Molecular docking and ADMET based study to identify potential phytochemical inhibitors for papain-like protease of SARS-CoV-2

The severe acute respiratory syndrome coronavirus 2 (SARS-CoV-2) is the causative pathogen for the novel COVID-19 disease. SARS-CoV-2 papain-like protease (PLpro) is responsible for viral replication and host innate immunity suppression. Thus, this study aimed to explore potential phytochemical inhibitors against this dual therapeutic target using virtual screening methods. Thirty-one phytochemicals with reported anti-SARS-CoV-1 PLpro activity were used to construct the phytochemical library along with two positive controls. Molecular docking using AutoDock 4.2 was employed to calculate binding affinity and inhibition constant of each compound within the S3/S4 binding pocket of SARS-CoV-2 PLpro. Based on the docking results, twelve compounds were subjected to non-covalent interaction analysis utilizing the Discovery Studio Visualizer software. Further, their physicochemical, pharmacokinetics and toxicity descriptors were evaluated using molinspiration and pkCSM web servers, respectively.

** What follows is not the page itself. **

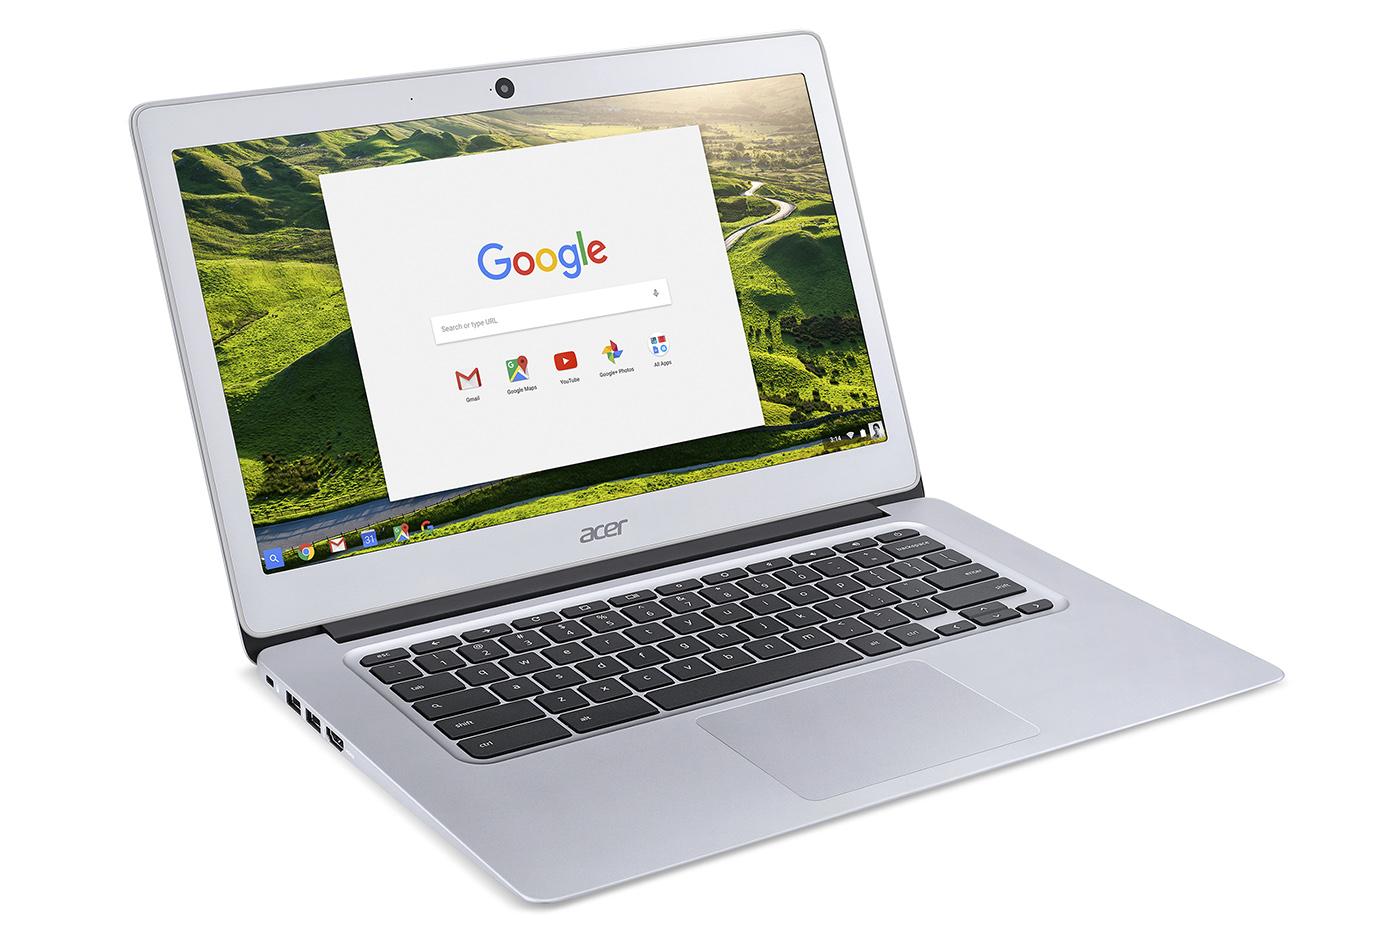 Acer Chromebook 14 ធ្វើពីអាលុយមីញ៉ូមសុទ្ធ តម្លៃត្រឹមតែ $299 ប៉ុណ្ណោះ

Hirsutenone from Alnus japonica and broussoflavan A from Broussonetia papyrifera, displayed the strongest binding affinity (-8.23 kcal/mol and -8.13 kcal/mol), lowest inhibition constant (920.39 nM and 1.1 μM) and highest ligand efficiency (0.34 and 0.26) among all phytochemicals towards the binding pocket of SARS-CoV-2 PLpro, demonstrating superiority to PLpro inhibitors, 3k and GRL0617 which were used as positive controls. Additionally, hirsutenone, broussoflavan A and broussochalcone A (from Broussonetia papyrifera) possessed favorable physicochemical properties for oral drug development, satisfying Lipinski’s and Veber’s rules. Furthermore, in silico pharmacokinetics and toxicity predictions revealed that the three aforementioned phytochemicals are water soluble, non-mutagenic, non-hepatotoxic and biologically safe. Hence these lead compounds might be exploited to accelerate the drug discovery process against the ongoing COVID-19 infection.